I'm not sure what it's "telling" about, that I didn't mention transportation. "Industrial heat" is also over 20% of all carbon emissions. "Farming" is nearly a quarter of all GHG releases, and I didn't mention that either; I'd mention that before transportation in such a discussion, as Alberta does not manufacture any cars. That would be Ontario. It does not manufacture giant bunker-fuel run cargo ships and cruise ships, either, it doesn't even have any, being landlocked. It does not manufacture airplanes, like Washington and Quebec. All of these places have industries that create more carbon consumption, and thus demand for carbon production. I have no idea why people will lie down before a pipeline, but not before an airport expansion, or a new car dealership.
Thank you for working on that concrete; that was one early R&D project - CarbonCure wasn't founded until 12 years back. It's now an installed technology - in Calgary, at BurnCo. No buyers in Quebec, yet.
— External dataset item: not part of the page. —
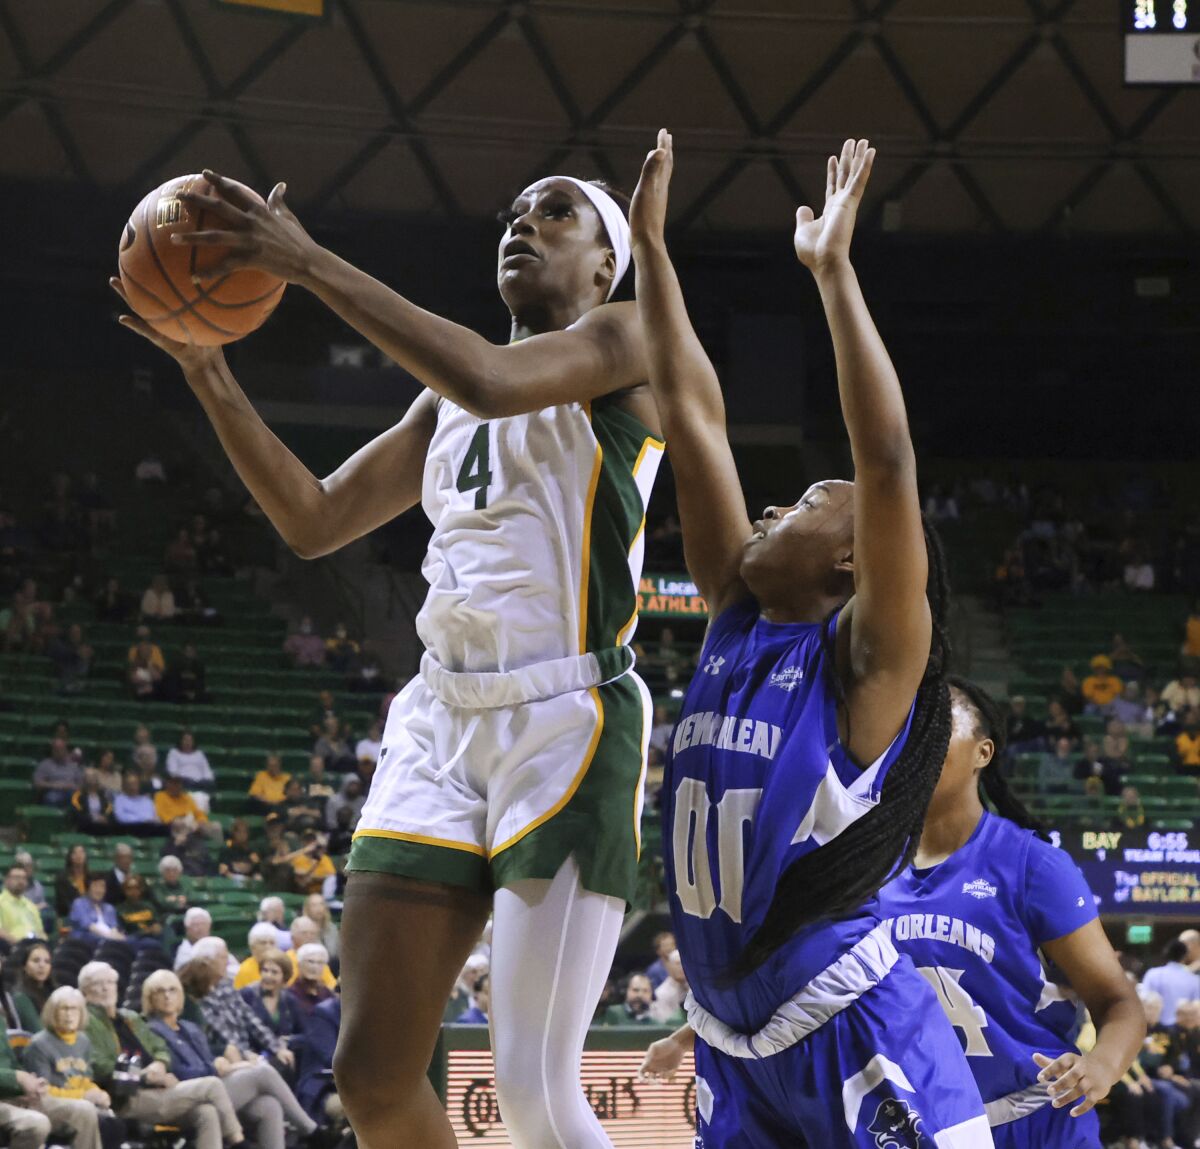 Baylor center Queen Egbo shoots in front of New Orleans guard Jomyra Mathis during the first half of an NCAA college basketball game Monday, Nov. 15, 2021, in Waco, Texas. (Rod Aydelotte/Waco Tribune-Herald via AP)

And if it exists, why isn't it mandatory? Surely that would do far more than forbidding some pipeline somewhere. I doubt that the carbon tax is even levied upon those who purchase concrete and put water in it, causing the CO2 release. I'm sure it's just ignored, though the concrete plant would be dinged for their use of natural gas to bake the limestone.
You have to choke off carbon DEMAND, is my point. Surely 40 years of drug war has shown that even an illegal product, much less fully-legal carbon, cannot be halted by suppression of the producers, only by negation of the original demand.